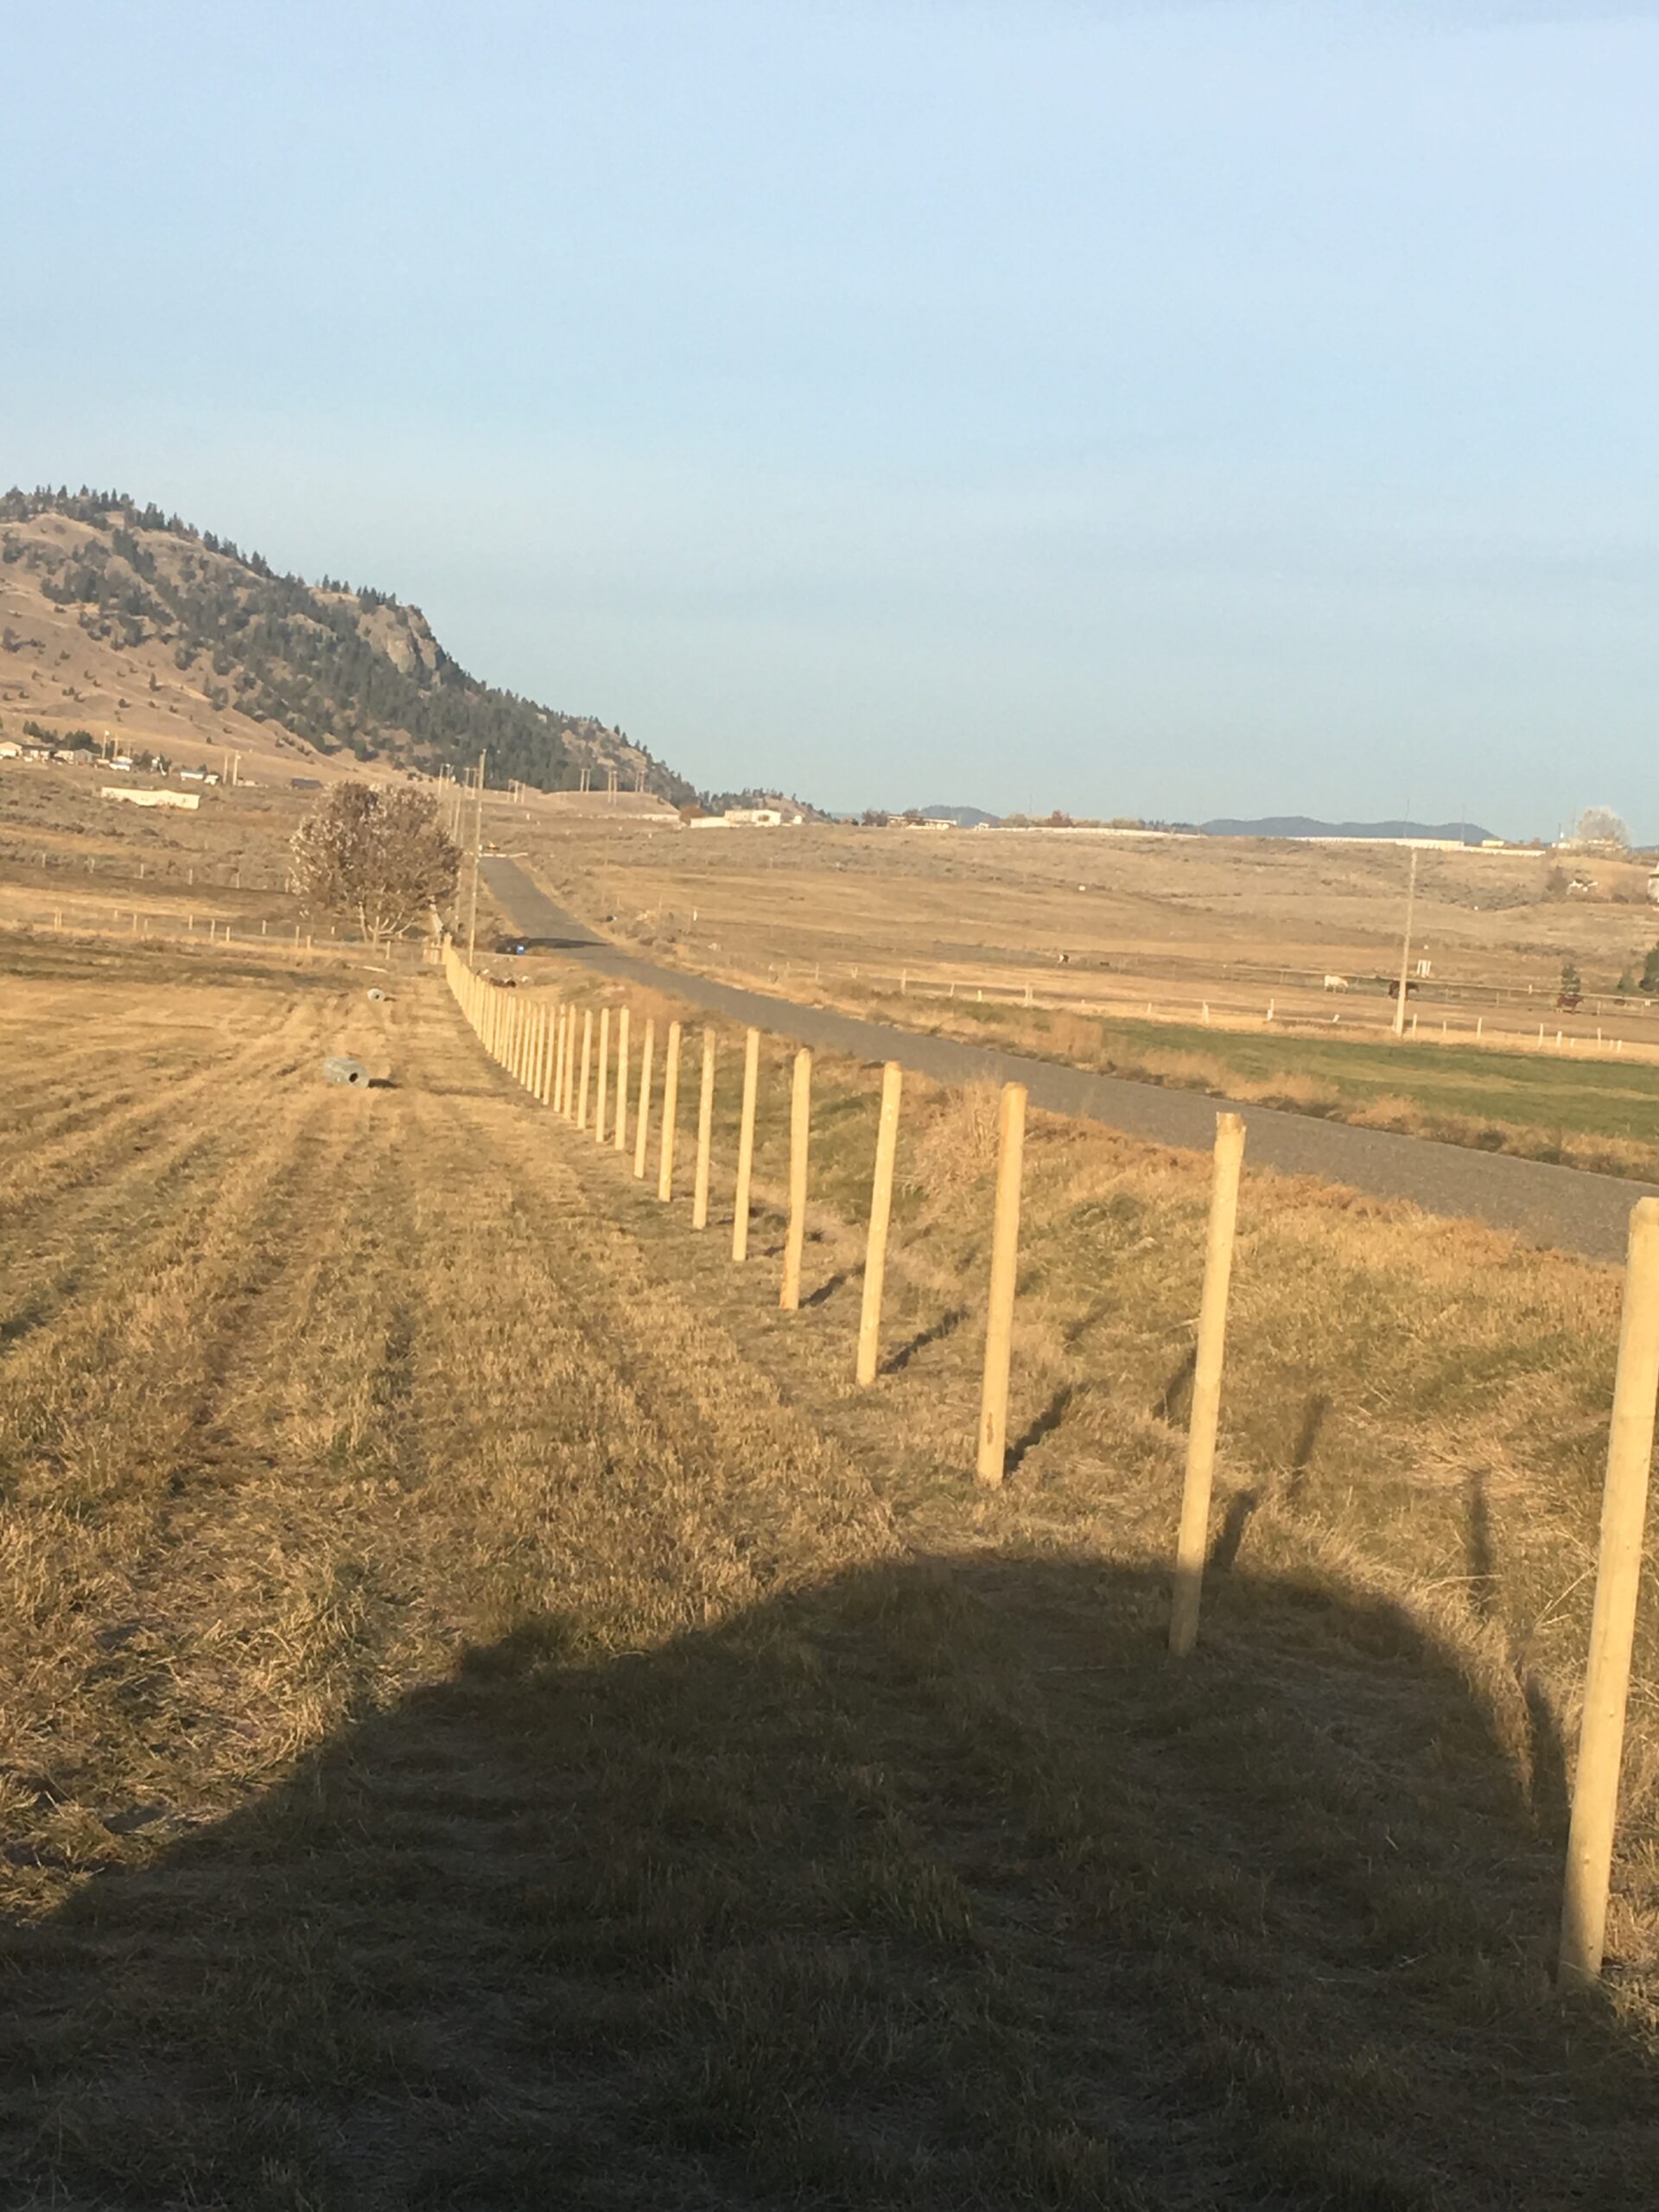 Constructing an agricultural farm fence
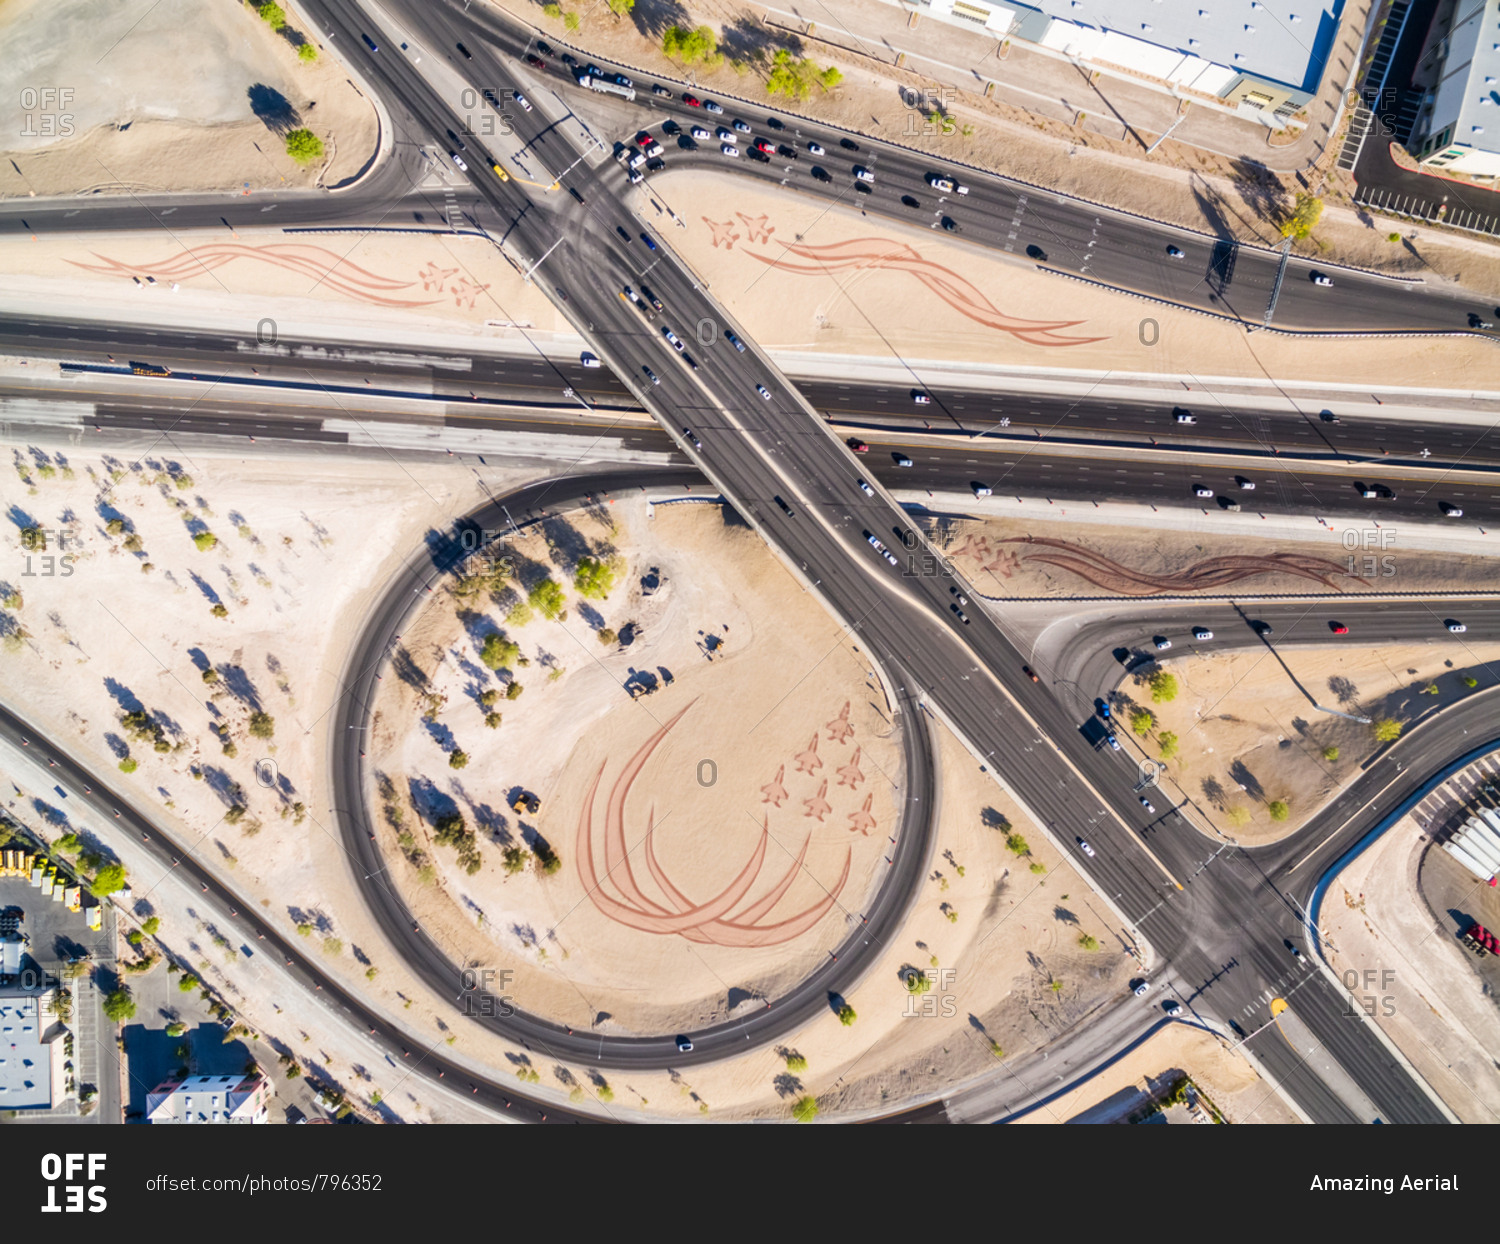 Aerial view of multi-lane road intersection on desert landscape, Las Vegas, USA.
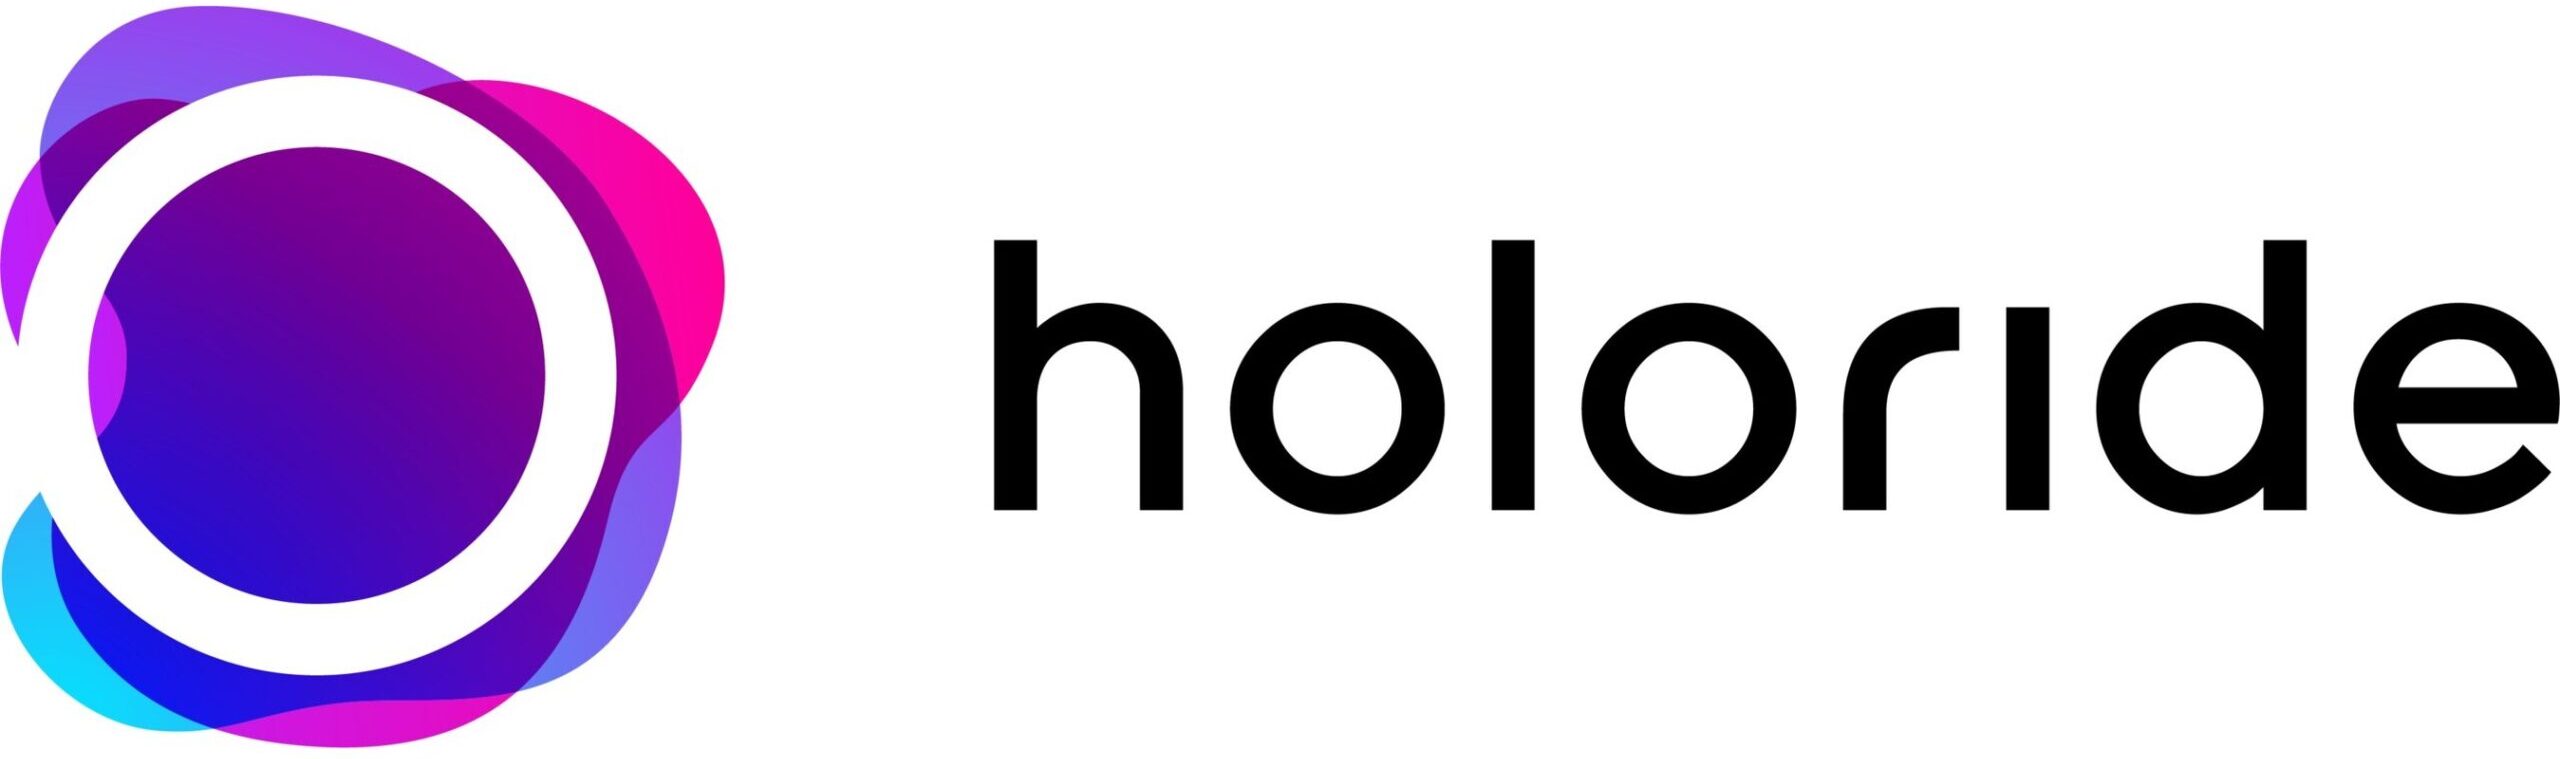 Holoride Logo

*Problem requirements*: Transcribe exactly the lines from the one holding "Aerial view of" through the final line of the material above, both ends included; any pictures should be dropped.

*Result of the task*:
 Aerial view of multi-lane road intersection on desert landscape, Las Vegas, USA.
 Holoride Logo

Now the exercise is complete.